/ExtractTablesFromPdf

Extract tables (and paragraphs outside tables) from pdf

Primary LanguageC#MIT LicenseMIT

State of the library

The library works with few pdfs for two main reasons:

  1. The transformation matrix and the graphic state is not handled
  2. The fonts/encodings are not correctly handled

ExtractTablesFromPdf

Extract tables (and paragraphs outside tables) from pdf

License limitations

(please read before use)

This software is released under MIT license but uses iTextSharp v.4.1.6 that is released under MPL LGPL license. Before using this software you should also agree with the iTextSharp v.4.1.6 license. Also, take care if you upgrade iTextSharp because newer versions are released under AGPL.

What's this

PDF is a file format used to define device independent page output. This project intend to retrieve text and tables from a pdf.

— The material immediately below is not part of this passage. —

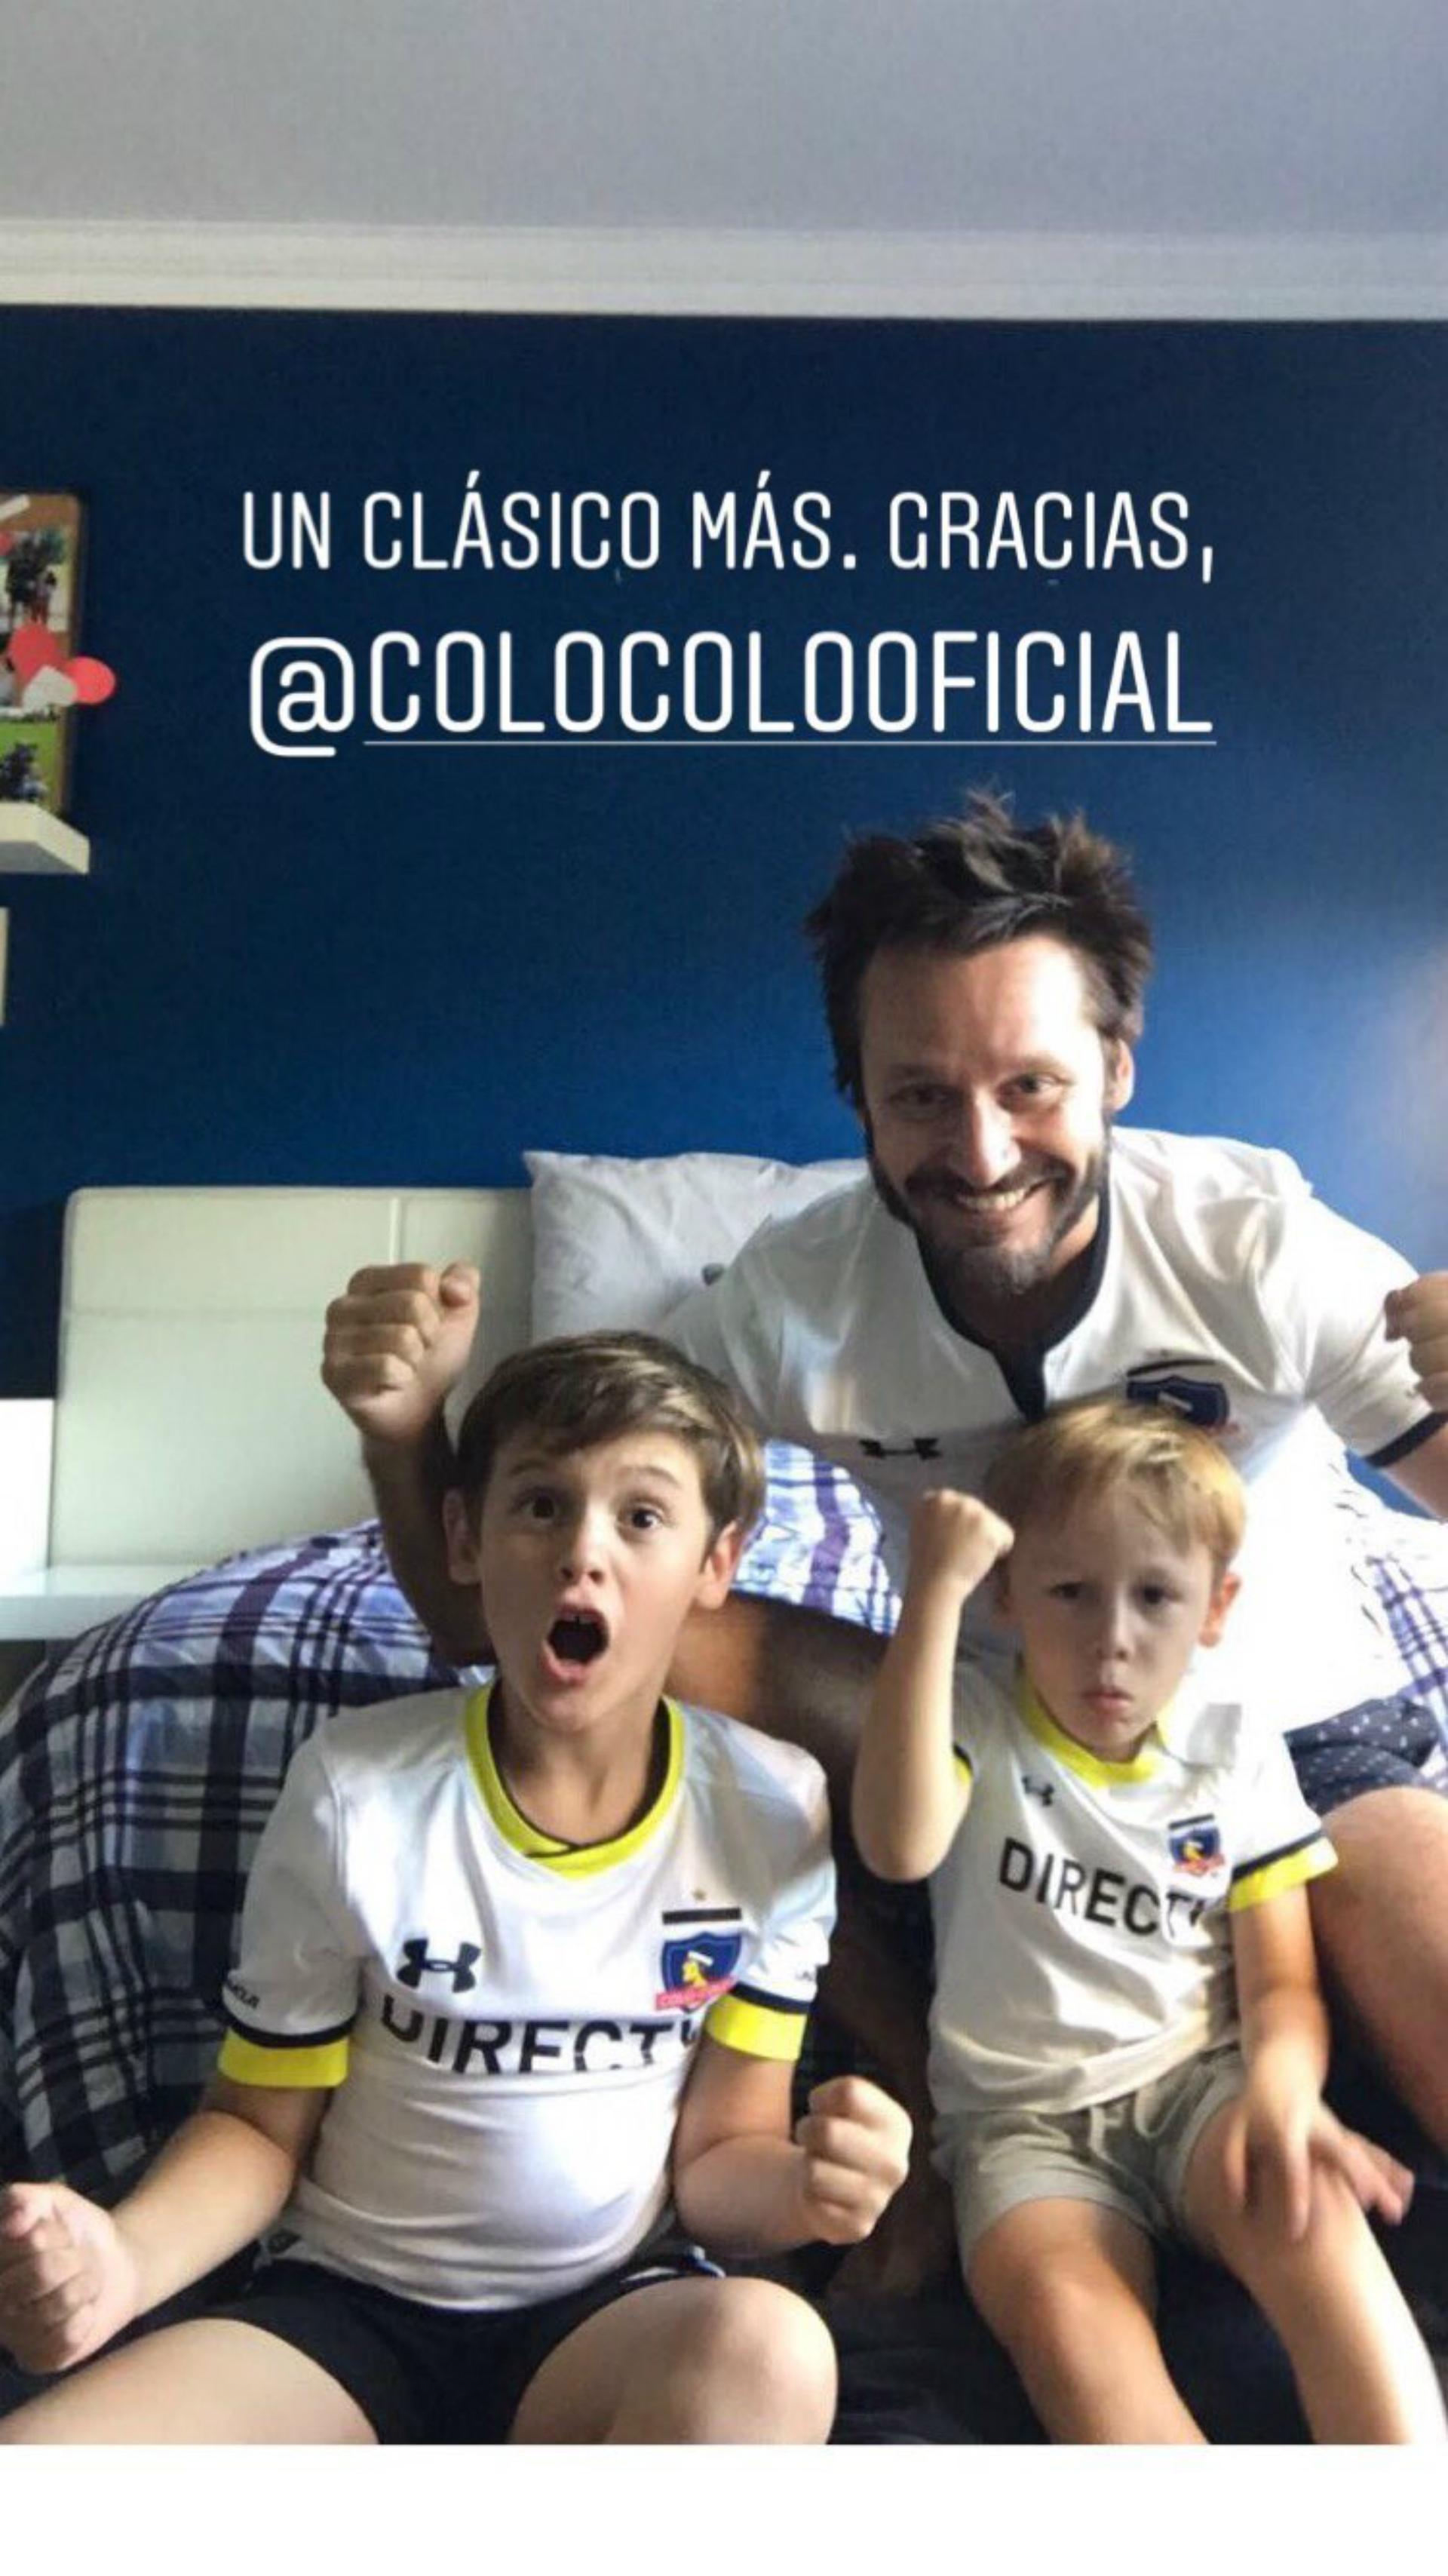 Benjamín y sus hijos festejan el triunfo. (Foto Instagram)

The main part is the Engine.

The Renderer is a debug window to understand what's happening.

Usage

Call

var pages = ExtractText.Read(fileName);

to read all the pages.

Then, for every page, call

Page.DetermineTableStructures();
Page.DetermineParagraphs();
Page.FillContent();

To check if you already called the method above, use

Page.IsRefreshed

After that you'll be able to access to

Page.Contents

Contents is a collection of IPageContent ordered from top of page to bottom.
A IPageContent can be a

  • Paragraph that contains text (Content)
  • Table that contains a matrix of text (Content[,])